The Southern and Middle Belt Leaders Forum (SMBLF) has announced that it will soon recommend a presidential candidate to Nigerians.
This was contained in a communique issued on Monday by the group after its meeting held over the weekend in Abuja.
The meeting had in attendance various stakeholders from the zones, including national assembly members.
The SMBLF said the “appropriate” person will be recommended to the people after the leaders engage the various presidential candidates.
While commending political parties including the All Progressives Congress (APC), African Action Congress (AAC), African Democratic Congress (ADC), All Progressives Grand Alliance (APGA), and Labour Party (LP), for fielding candidates from the south, the forum criticised the Peoples Democratic Party (PDP), Action Alliance (AA), Action Democratic Party (ADP), Allied Peoples Movement (APM), New Nigeria Peoples Party (NNPP), Young Progressives Party (YPP), among others, for nominating presidential candidates from the north.
“SMBLF firmly reiterates its stance on the principle of zoning and power rotation between the North and the South, as the fulcrum on which the Nigerian Federation has, since independence, been premised,” the communique reads.
According to the group, it will in “due course, engage with the appropriate Presidential candidates and afterwards decide on which of the candidates to recommend to the peoples of Southern Nigeria, the Middle Belt region and indeed, all Nigerians of goodwill, for consideration at the polls in 2023”.

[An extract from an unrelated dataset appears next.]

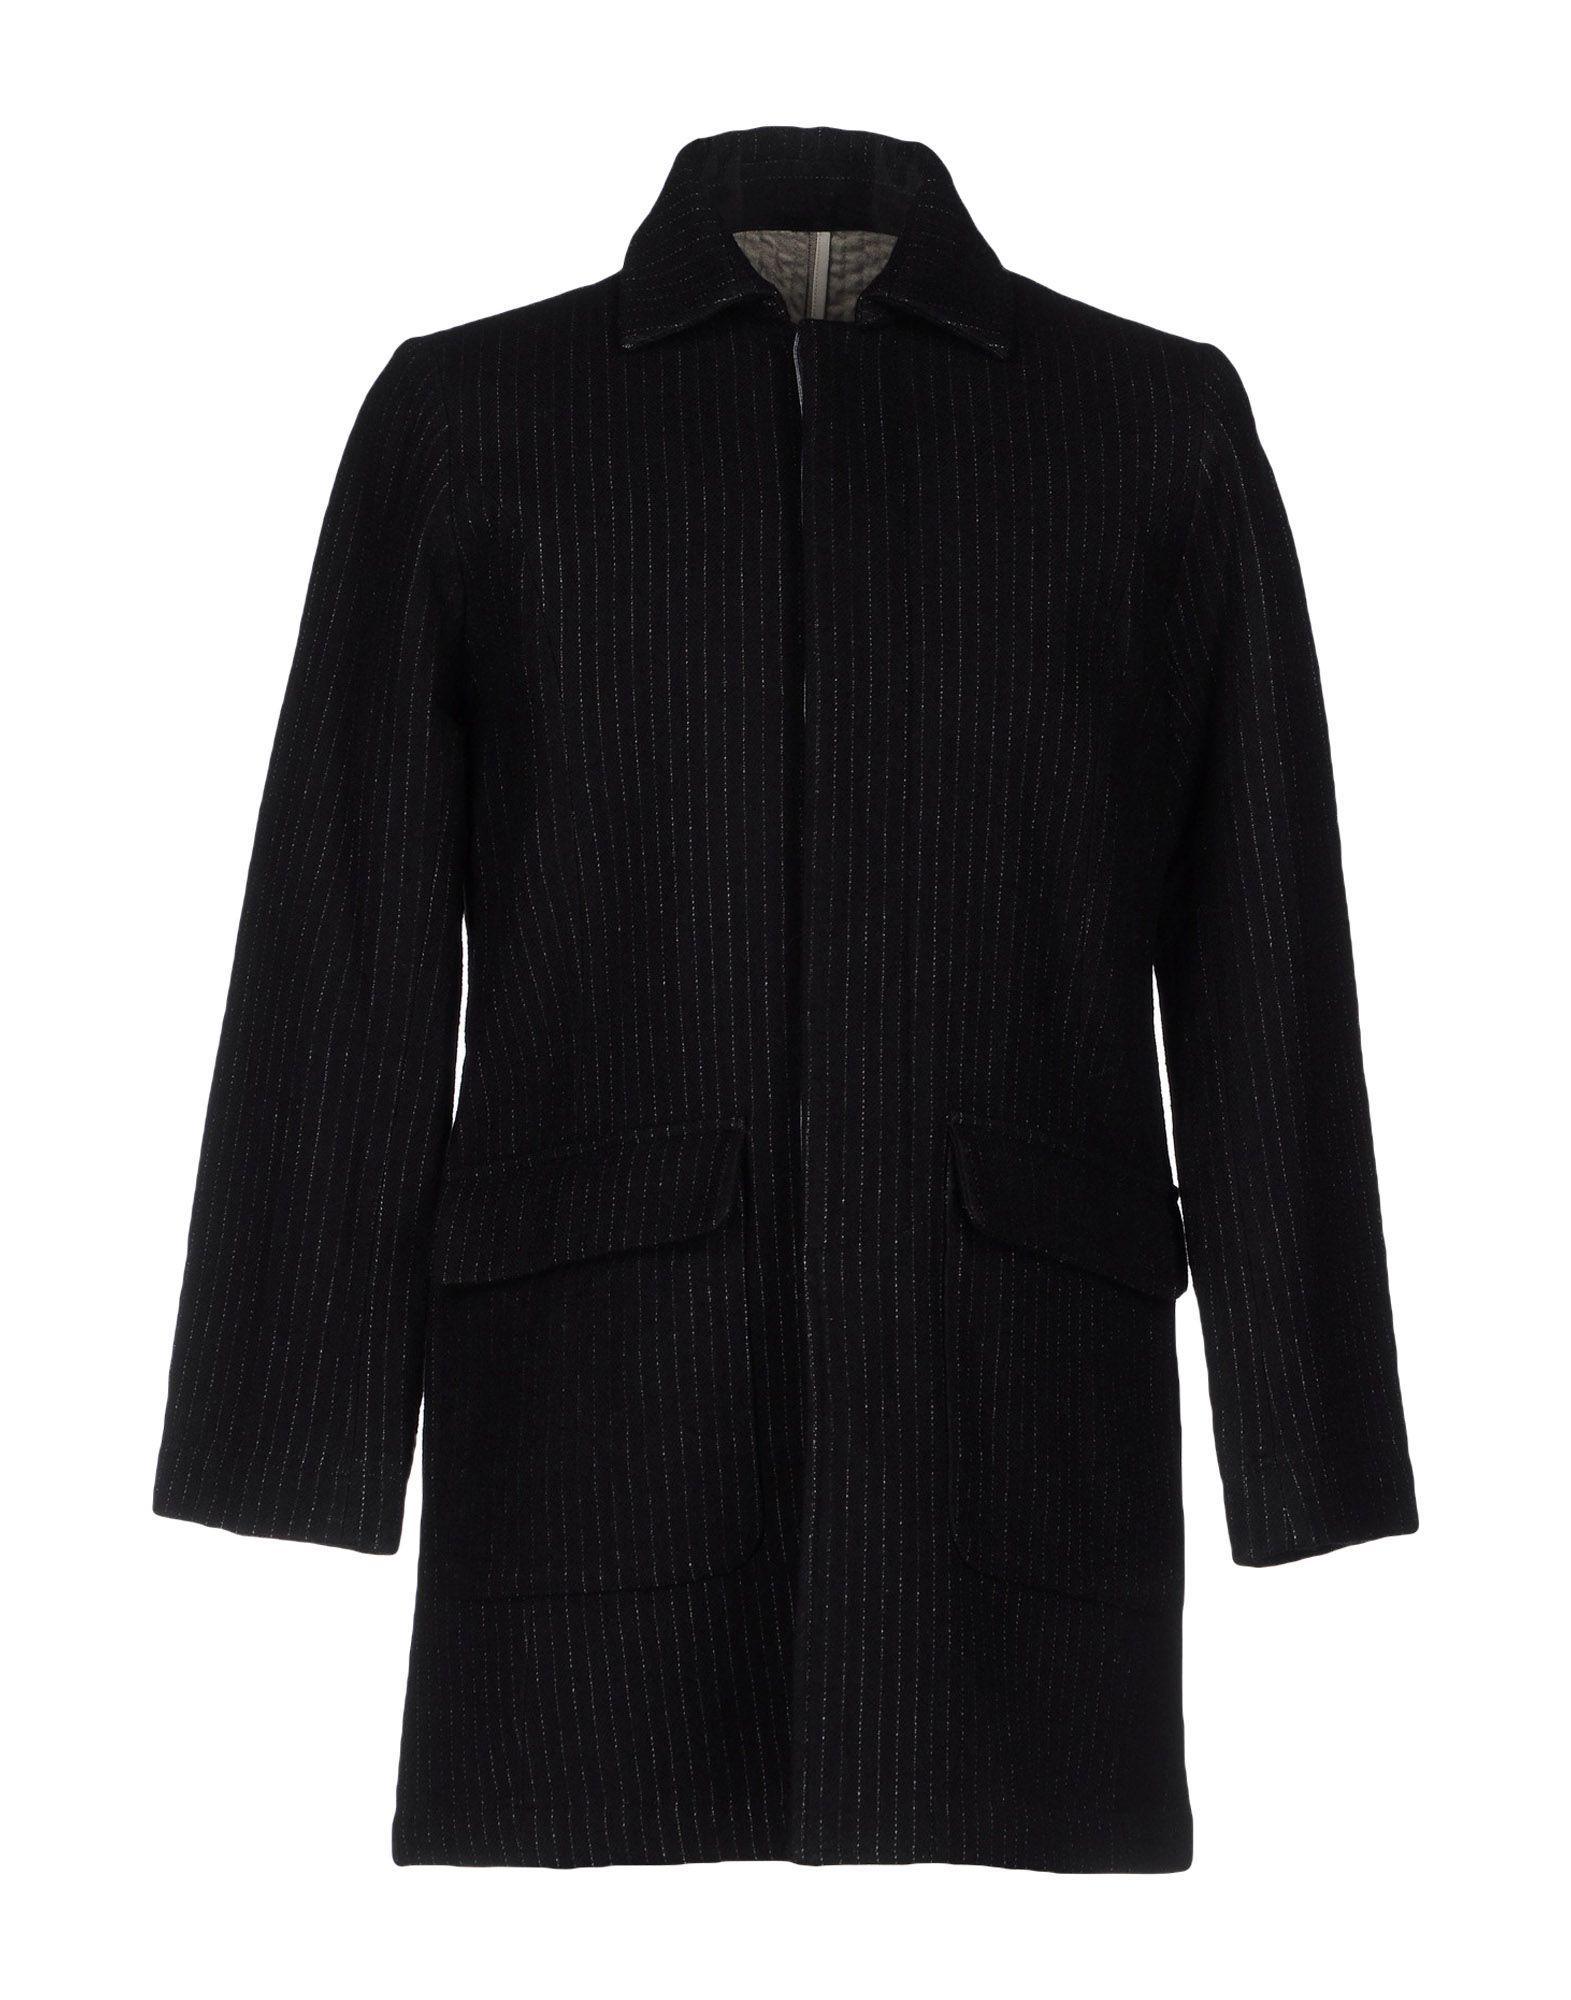 Itineris Coat In Black

On the state of the nation, the forum said the failure of the federal government to live up to its constitutional responsibility of protecting lives and properties, is an invitation for residents to take up arms and defend themselves.
“That the state of insecurity in the country is worsening by the day, with devastating impacts on the welfare and livelihood of ordinary Nigerians, thus, calls on the Federal Government to take urgent steps to stem the tide and assuage the suffering of Nigerians,” the document reads.
“Warns that the ambiguity of the Federal Government and the failure of the security agencies to decisively deal with these situations, buttress concerns that officials of the Federal Government and security agents are complicit in the security anomalies in the country;
“Warns that the continuous abdication of the Government’s primary and abiding constitutional responsibility of safeguarding the lives and properties of its citizens, is an irresistible signal to Nigerians to exercise their inalienable rights of self-defence, by all means, in deviance of extant laws, which have not deterred terrorists the use of weapons even superior to those of the security agencies.”
The forum added that the security situation in the country calls for the implementation of state police, and that the national assembly and the federal government should immediately begin the “requisite legislative instrument in this regard rather than indulging in meaningless lamentations”.
Signatories to the communique are Edwin Clark, SMBLF/PANDEF leader; Ayo Adebanjo, leader of Afenifere; Pogu Bitrus, president-general, Middle Belt Forum, and Okey Emuchay, secretary-general, Ohaneze Ndigbo Worldwide.